## [DATA SECTION]
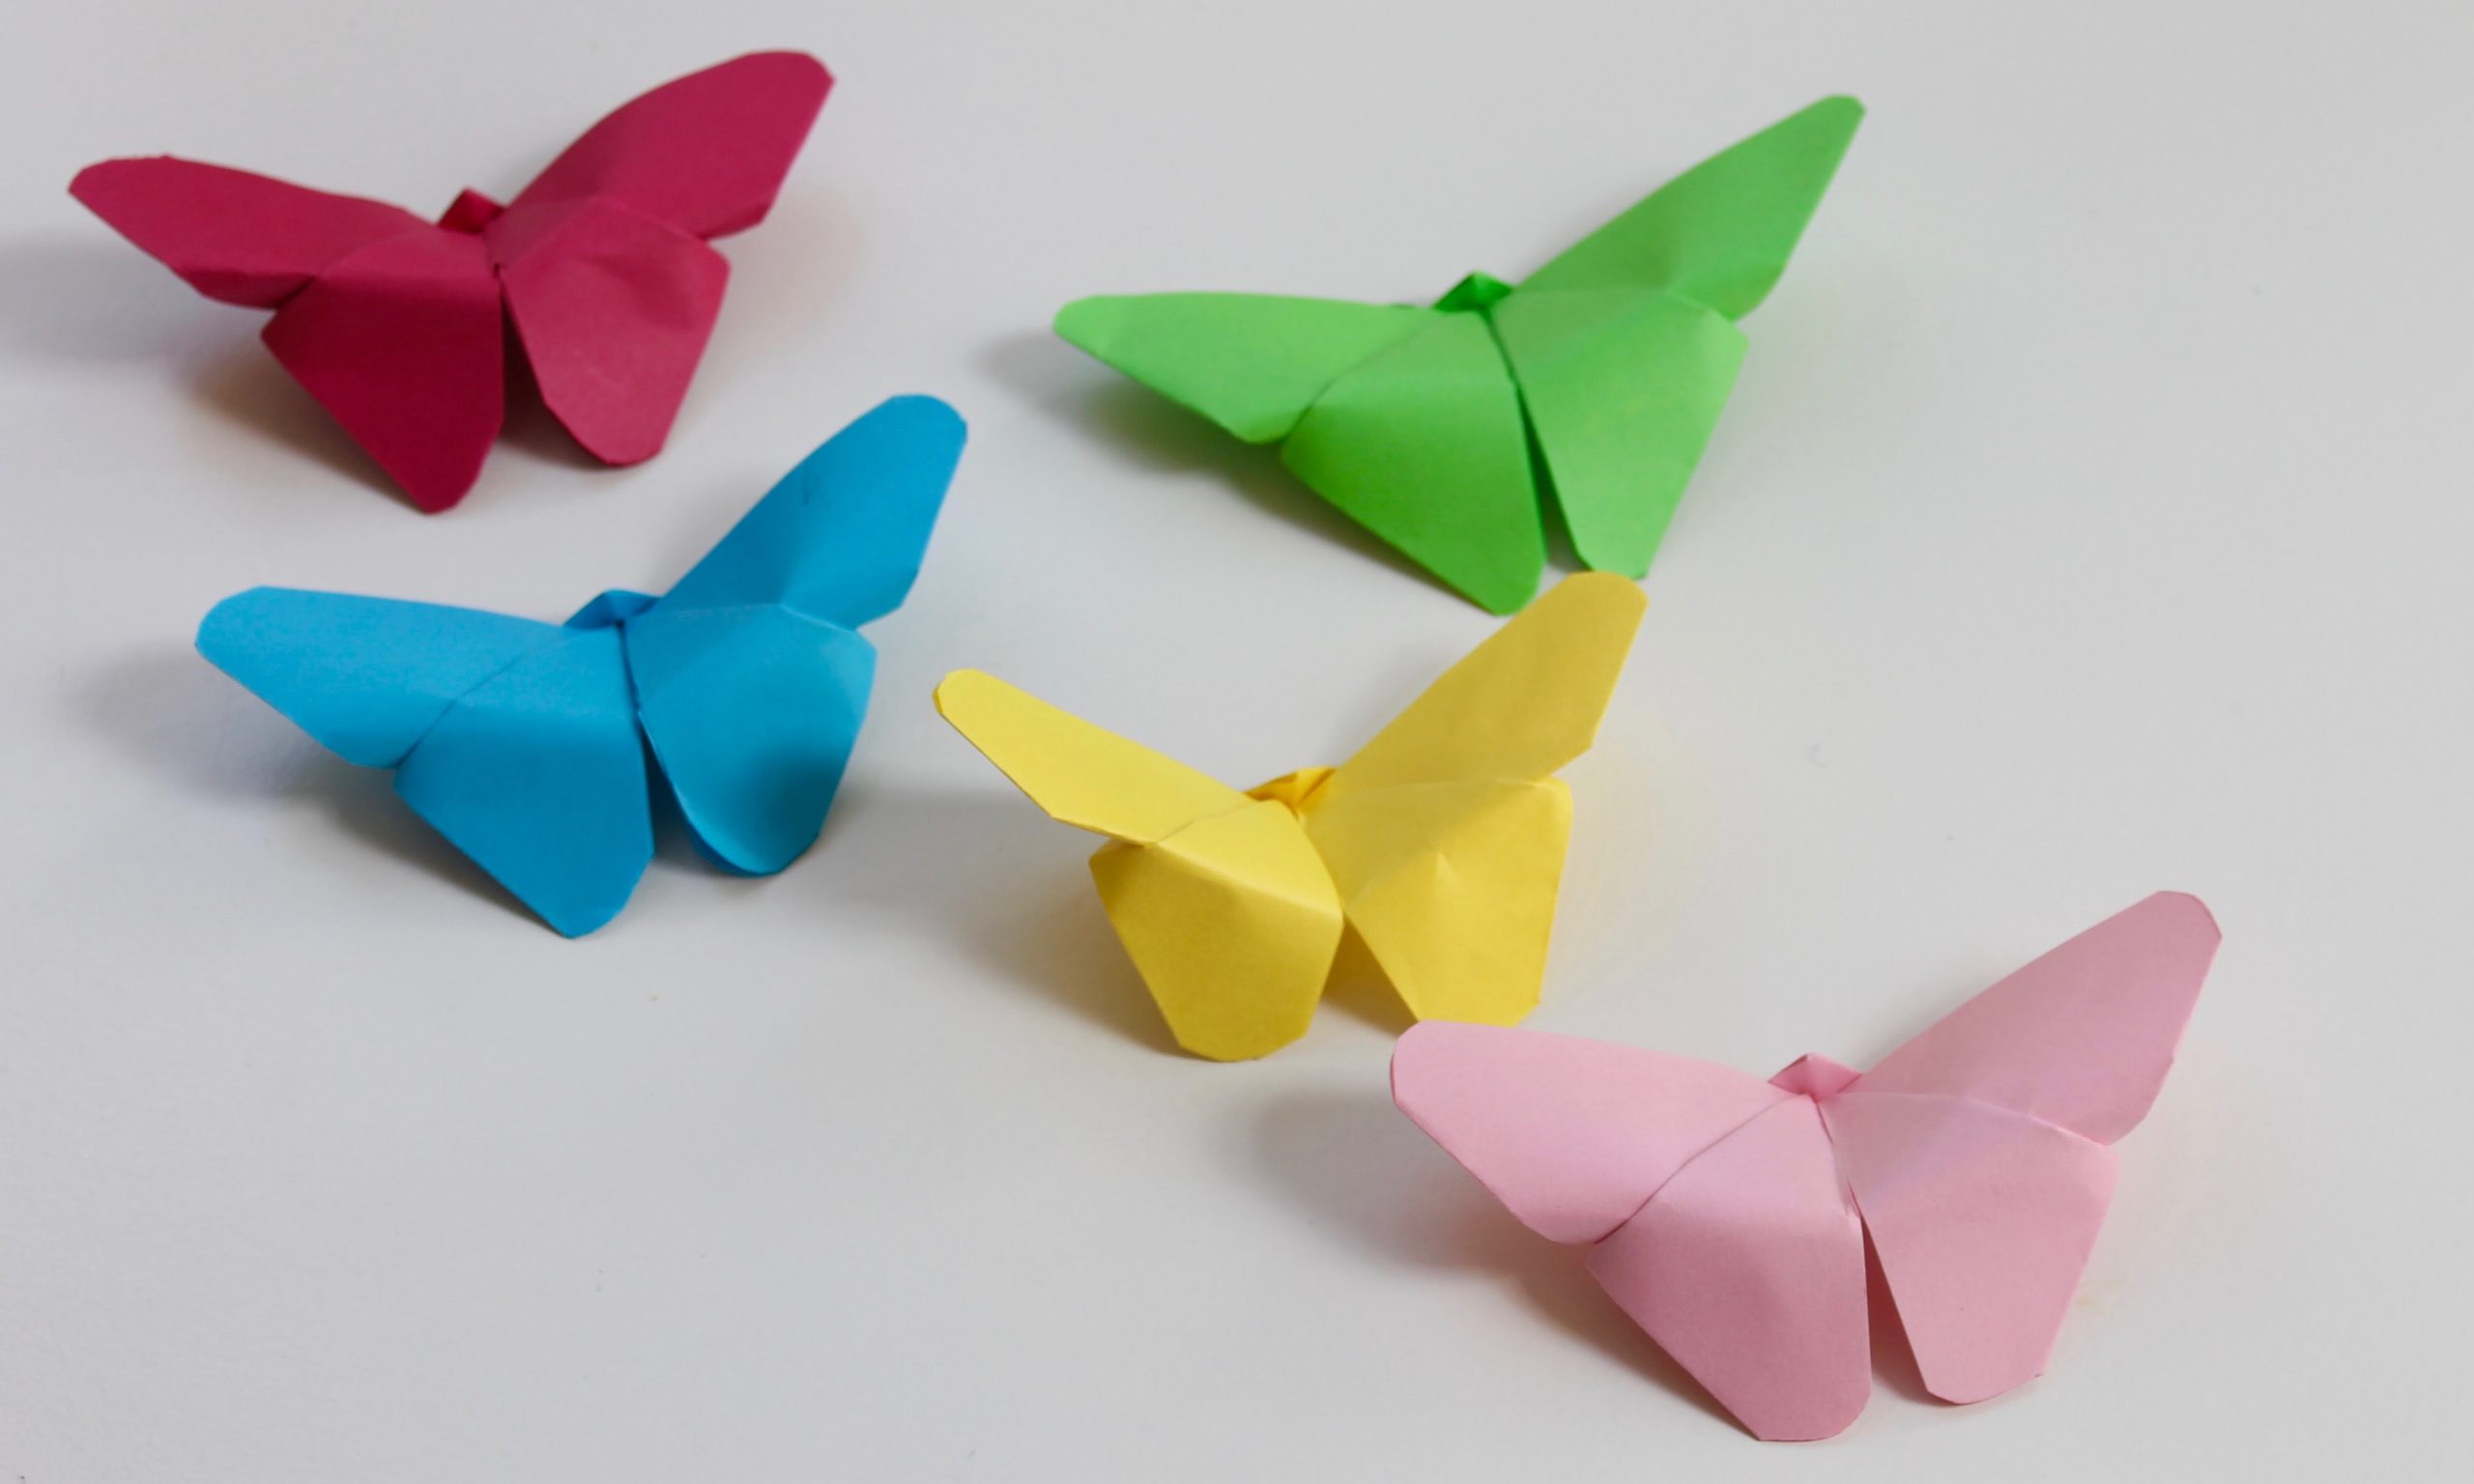 Gấp Origami bướm là một hoạt động giải trí thú vị và mang tính thư giãn cao. Với những tờ giấy đầy màu sắc và các bước gấp đơn giản, bạn có thể tạo ra một bướm trang trí tuyệt đẹp để làm mới không gian sống của mình. Nhanh chóng truy cập và khám phá ngay hình ảnh liên quan đến từ khóa này để bắt đầu gấp những chiếc bướm tuyệt vời của riêng bạn!
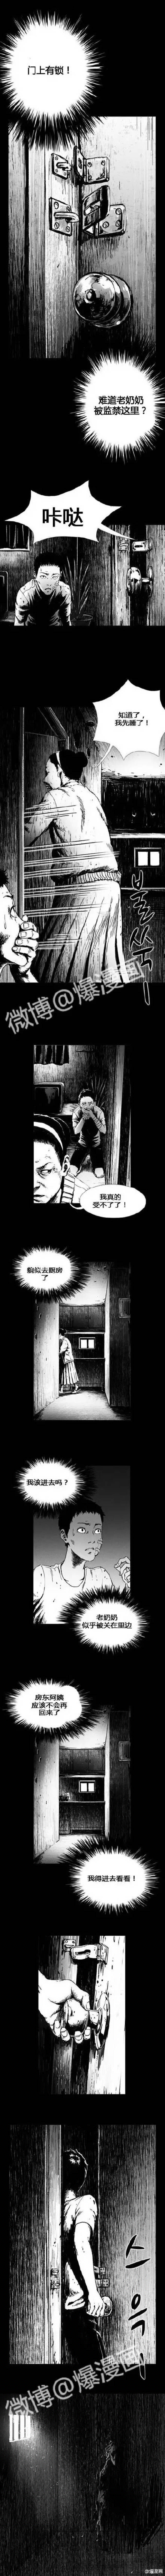 韩国漫画新作《虫洞》-黑白漫话
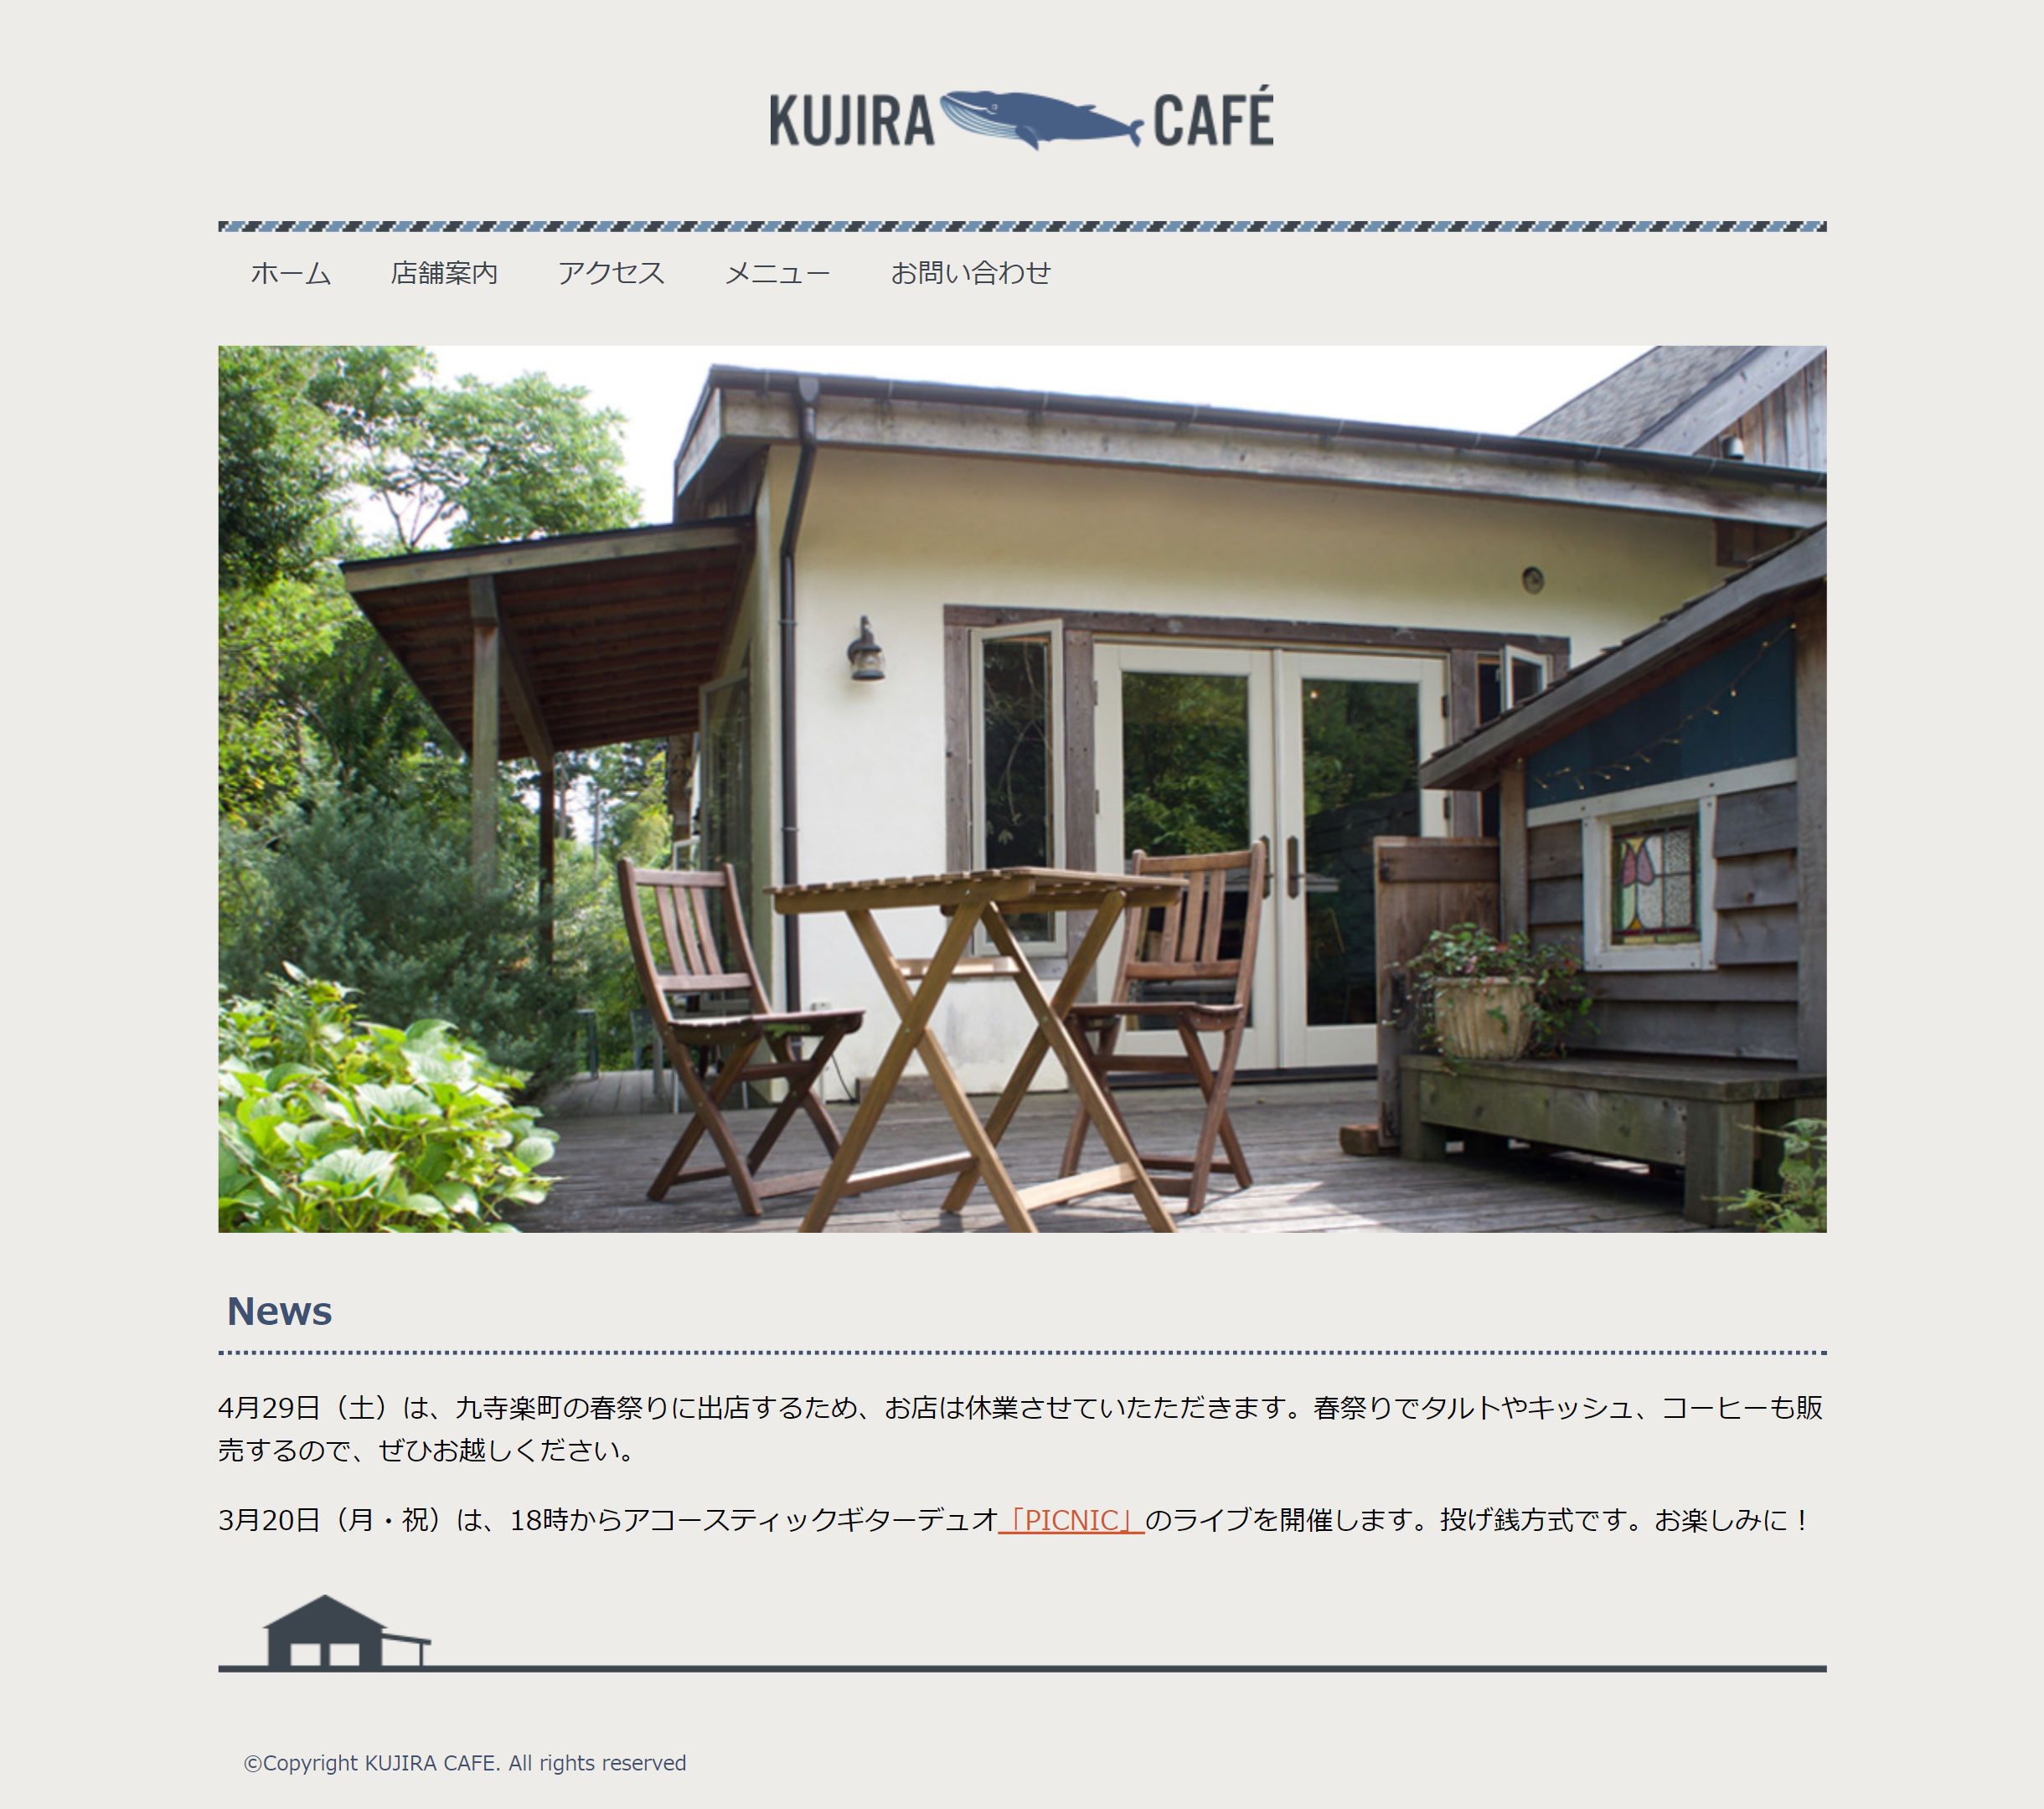 KUJIRA Cafe

## [PROMPT]
Leave the pictures out and copy the rest of the data exactly.

## [SOLUTION TO THIS PROBLEM]
 Gấp Origami bướm là một hoạt động giải trí thú vị và mang tính thư giãn cao. Với những tờ giấy đầy màu sắc và các bước gấp đơn giản, bạn có thể tạo ra một bướm trang trí tuyệt đẹp để làm mới không gian sống của mình. Nhanh chóng truy cập và khám phá ngay hình ảnh liên quan đến từ khóa này để bắt đầu gấp những chiếc bướm tuyệt vời của riêng bạn!
 韩国漫画新作《虫洞》-黑白漫话
 KUJIRA Cafe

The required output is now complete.